Dr. Roach: Can high blood pressure readings cause high blood pressure?
DEAR DR. ROACH: My husband had a hemorrhagic stroke in 2014. He is 75 years old. His blood pressure in the past five days has gone from 123/64 with a heart rate of 50 to 142/77 with a heart rate of 45. It will be in the green for days and then read in 140s for a couple of days. He becomes very upset when he sees the yellow light come on. He walks 2 miles each morning and thinks this should keep his BP at a normal level, in addition to the metoprolol and enalapril he takes twice daily.
I am having great difficulty in making him understand that it is normal for blood pressure readings to go up and down. I feel he is worrying about having another stroke. He takes his reading multiple times during the day. -- J.L.
ANSWER: You are quite right that blood pressure goes up and down during the day, sometimes over surprisingly short periods. He is right that exercise helps keep blood pressure down, but it is usually not enough by itself, especially for a person with a history of hemorrhagic stroke (bleeding inside the brain). For these people, blood pressure control is key to preventing another stroke.
Although I recommend home blood pressure cuffs, I am concerned that seeing elevated readings is causing him to be upset -- and potentially contributing to transient high blood pressure.

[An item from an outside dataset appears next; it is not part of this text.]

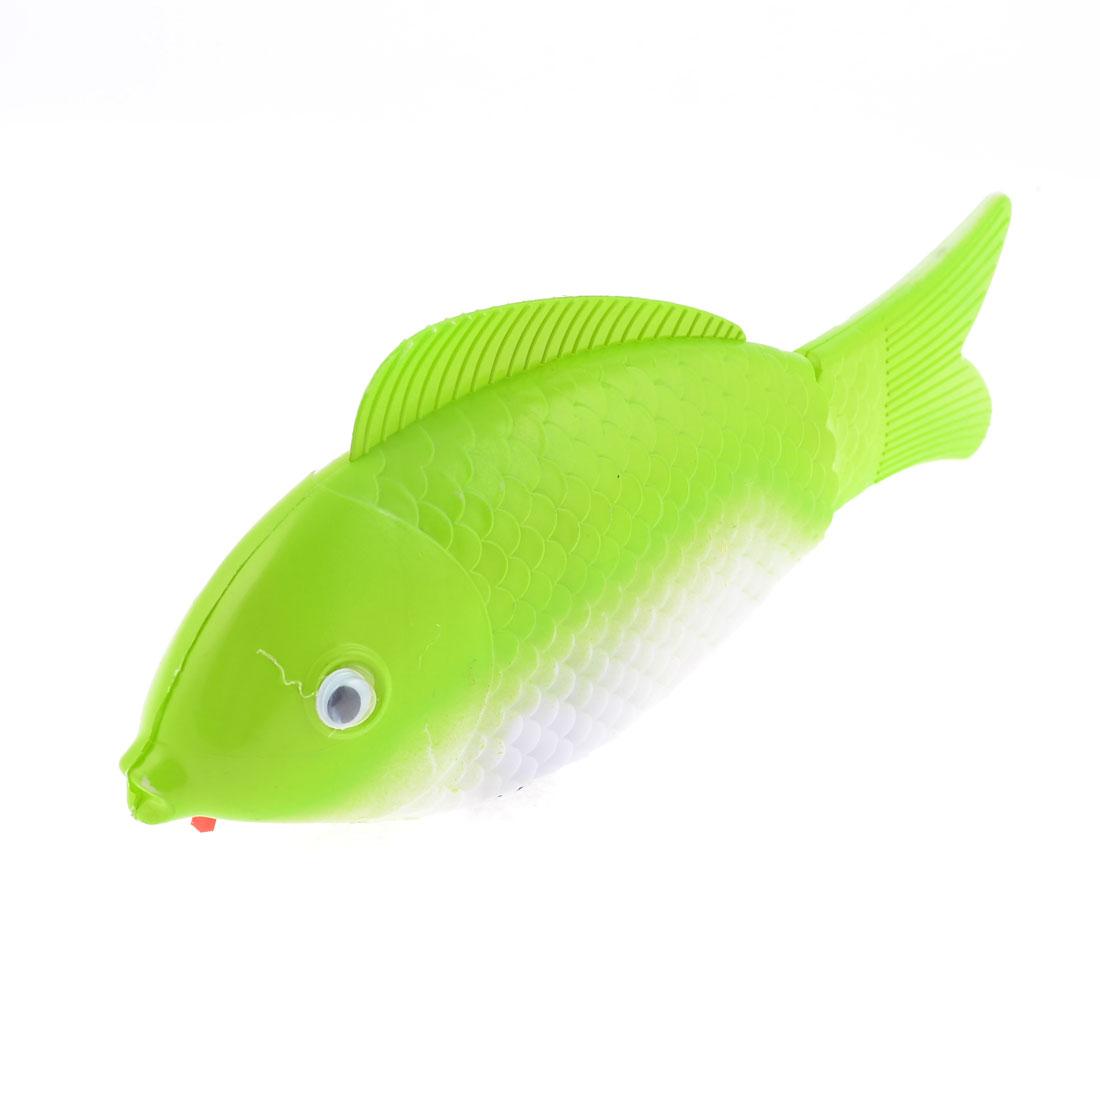 Kids Gift White Green Plastic Body Three Wheels Walking Fish Toy
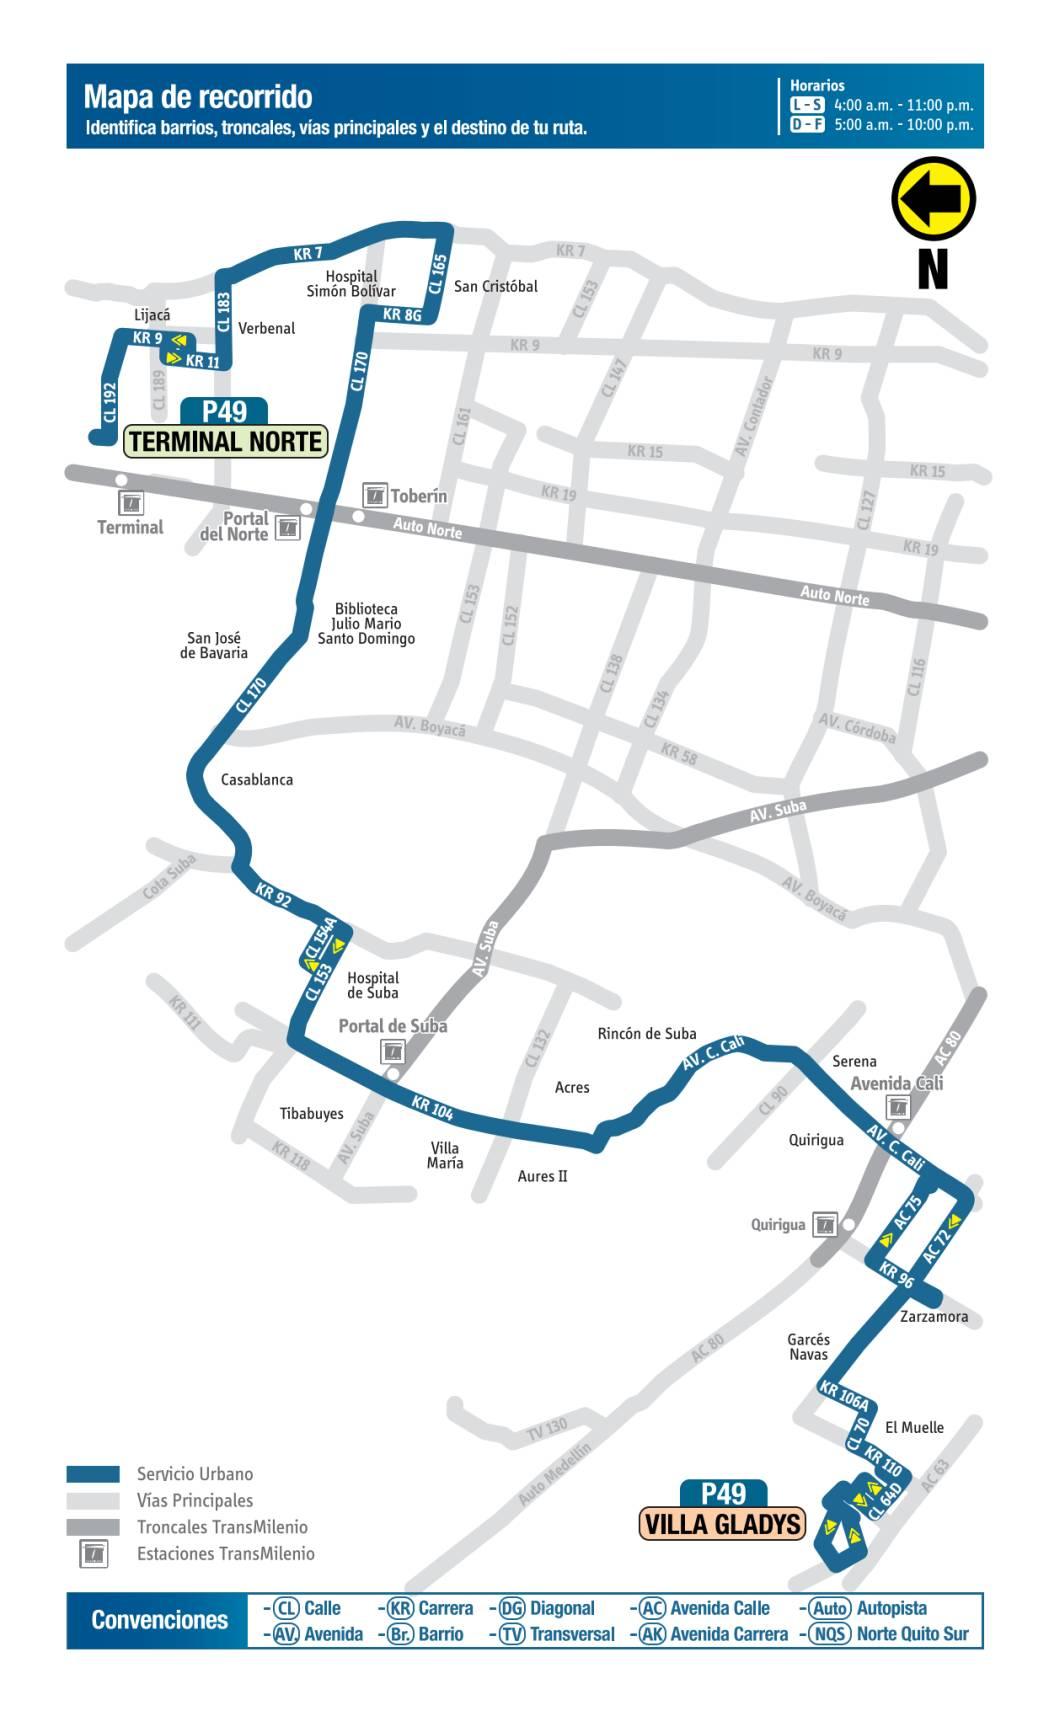 P49 Villa Gladys - Terminal Norte, mapa bus urbano Bogotá

The most important number is the average of many blood pressure readings over the week. A goal of 120/80 is ideal for a person at risk for a stroke, like your husband. If his average reading is close to 120/80, he should not worry too much about the occasional 140 reading. However, if his average systolic pressure (the top number) is in the 130s or higher, it might be time to consider a slightly higher dose of enalapril, as long as he isn't having any side effects. I would not increase the metoprolol since his pulse is already quite slow. His physician should be able to explain the benefits.
DEAR DR. ROACH: I've seen many people wearing a full face shield without any mask covering the nose or mouth. Does this make sense? -- C.B.
ANSWER: A face shield provides some protection against COVID-19, but not as much as a face mask does. Health care workers use both a face mask and a shield when taking care of people with known or suspected COVID, since the shield provides protection against droplets entering the eyes. If you only wear one, though, the face mask provides significantly more protection to you and to others.
DEAR DR. ROACH: I am a 75-year-old male in good health. I just got this year's flu shot in August. I would like to get another shot later in the season, perhaps in late November. Is there any downside? -- B.N.
ANSWER: Flu shots provide protection for most people for about six months, so a vaccine in August should cover you until February. Some years, the flu season lasts well into April or even May, at least where I practice, in the Northeast. Authorities do not recommend a second flu vaccine, but I have considered it for some of my highest-risk patients. The downside to you is a sore arm, and maybe a day of low-grade fever and muscle aches. The downside to society is that in a vaccine shortage, you would be taking away someone else's chance for protection.
Since there is no rush, I'd talk to your doctor, who should have more information about how bad the flu season is (and how long it's likely to last) as well as about availability of the vaccine.